BJS Muse Responds Poetically to the Recent Deaths of Neuhaus and Elisa: Paralell Lives – Ein Lutherisches Märchen, by Jon Townsend

(Editor’s Note: Jon Townsend is a creative brother. He is the one who writes and produces the BJS ads on Issues, Etc. His posts can be found on our Regular Columns page under the title of “I Desire Mercy and Not Satire, but a Little Satire is Good for the Soul.” There has been a lot of discussion of the pros and cons of Richard John Neuhaus. Here is Jon’s unique perspective.)


I like the word Märchen better than fairytale. “Die Mär” means story or report, the diminutive ending “chen” changes the meaning into something akin to “little story”. While many of the so called “Fairytales from the Brothers Grimm” can be rather fanciful and magical, a large portion of the lesser known tales are a little more real. I remember one in which two boys were only play fighting with their fathers’ swords and one of the boys is killed and a trial is held. After making the boy who was still alive sweat it out, the judge acquits the boy because it is realized that it was all foolishness on the part of the boys and there was no malice or intent.


In collecting such “Märchen” the Brothers Grimm went out to the peasantry and listened to the tales they had to tell and recorded them in writing for posterity. In similar fashion I have floated through the Lutheran peasantry, both in real life and on the internet, and I humbly submit this little story for your consideration.


In some places winter is hard and cold and in others, it never gets cold, but regardless of the weather man is still dust and to dust he must return and shortly after Christmas and on either side of the New Year two pastors returned to the dust in blessed hope of the resurrection – one in a land of deserts and jungles and one in a concrete jungle.


Both men went through deep philosophical, doctrinal, confessional and ecclesial conversions during their lives.


The one in the land of desert in the north and jungle in the south was given Luther’s Small Catechism by a man he chanced to meet and abandoned ecumenism and endless redefinitions of doctrine with the confession, “”We all knew that we never spoke truth and still we continued speaking.”   In the light of pure Christian doctrine he set forth to build in his land on the cornerstone Christ laid with the building materials Christ left for us – His Word and His Sacraments.

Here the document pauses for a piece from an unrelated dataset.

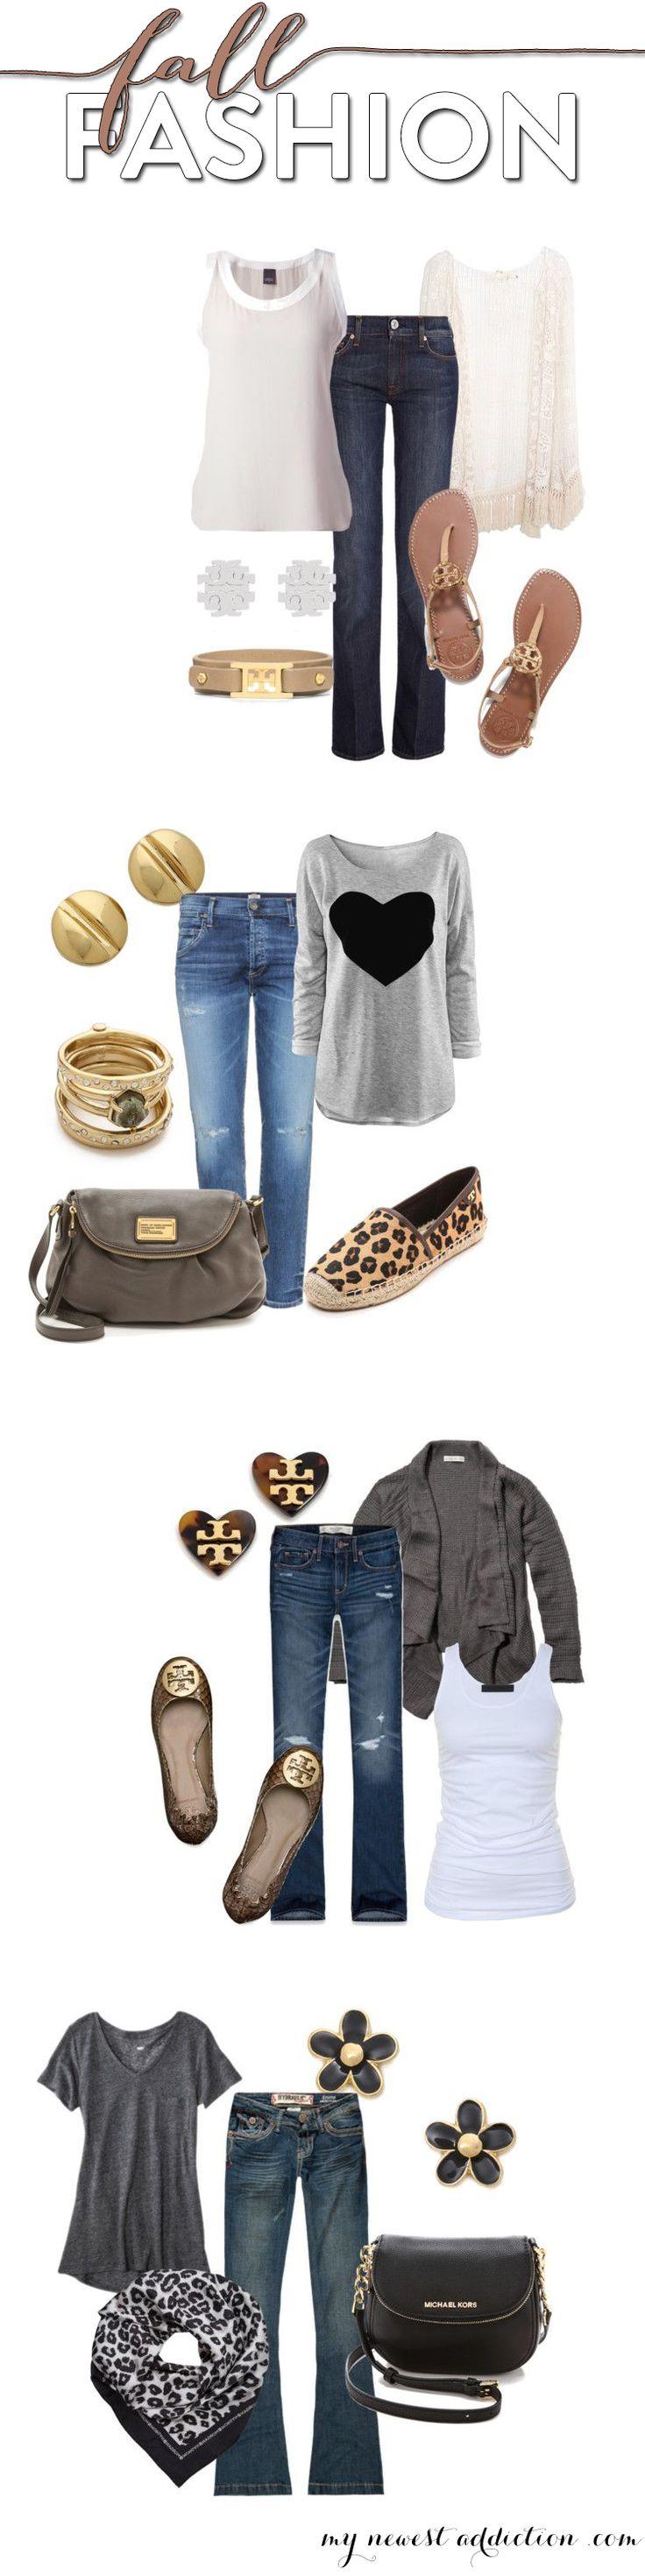 Fall 2014 Fashion | Casual - My Newest Addiction

The man from the land with a cold icy north who moved to the concrete jungle turned his back on the Small Catechism his own father, a pastor, gave him, believing that the cornerstone Christ laid was the Petrine ministry rather than St. Peter’s confession. He was a man of great intellect and reason and liked the space that the structure of wood and straw that was built on the cornerstone offered. Longing for the restoration of the Western Church this pastor laid aside his ordination vows, joined the Roman Church and was made a priest.


In a short range of time around which the two men were ordained, or re-ordained, both men lay near death: One in a coma, the other slipping between life and death. Both recovered and went on to do great things.


The now priest in the concrete jungle found notoriety with his books and journals. He talked to Presidents and dined with Popes. He was on radio and television and traveled the world.

The pastor in the land of desert and jungle started churches and met with political leaders. He traveled abroad to study and preach. He lived in a basement and dined with his host family. He was consecrated the Lutheran Bishop of his war torn land.


The priest’s notoriety brought verbal and written attacks especially for his defense of the unborn and his stand for conservative Roman Catholicism.


The Bishop’s position as a Christian leader in a Muslim land brought him much danger as he suffered with his people.


Both men died from tumors or cancer and they left behind legacies.


The priest left behind journals, books and a lasting influence on his time and culture; especially for his condemnation of his land’s holocaust – abortion.


The Bishop left behind congregations, a seminary and a hospital he helped support that will treat anyone – a place where no one must proclaim allah as god in order to be treated. He was survived by his wife and four children.


A Lutheran Bishop in a Muslim land of deserts, jungle and misery and a Lutheran Pastor turned Catholic Priest in a land of the unborn killed within the womb – both men to be admired in their own rites.


And as the “little news” spread, the peasants told the story. The demise of the Lutheran Pastor turned Priest was spread within his own community and was the talk within the community that baptized him. Some within his former home never stopped thinking of him as their own, others wondered if the traitor was in hell because he had surrendered the chief article, others posited that he is finally Lutheran again. The “little news” was hardly little and his former faith community did not treat it as such.


For the Lutheran Bishop and hero of the faith in the land far away, the news also spread and it remained small. The news was out there, but it was just more interesting to talk and write about the Lutheran turned Roman Catholic.


And the man who sat in the basement once upon a time with the good Bishop of that far away land who has written this Märchen is left to scratch his head and wonder why Lutheranism is in such a state that we would waste so much energy – good, bad or indifferent – considering the body of work of a Priest who preferred wood and straw; instead of saluting a Bishop who was given the pearl of great price and used that as his building material?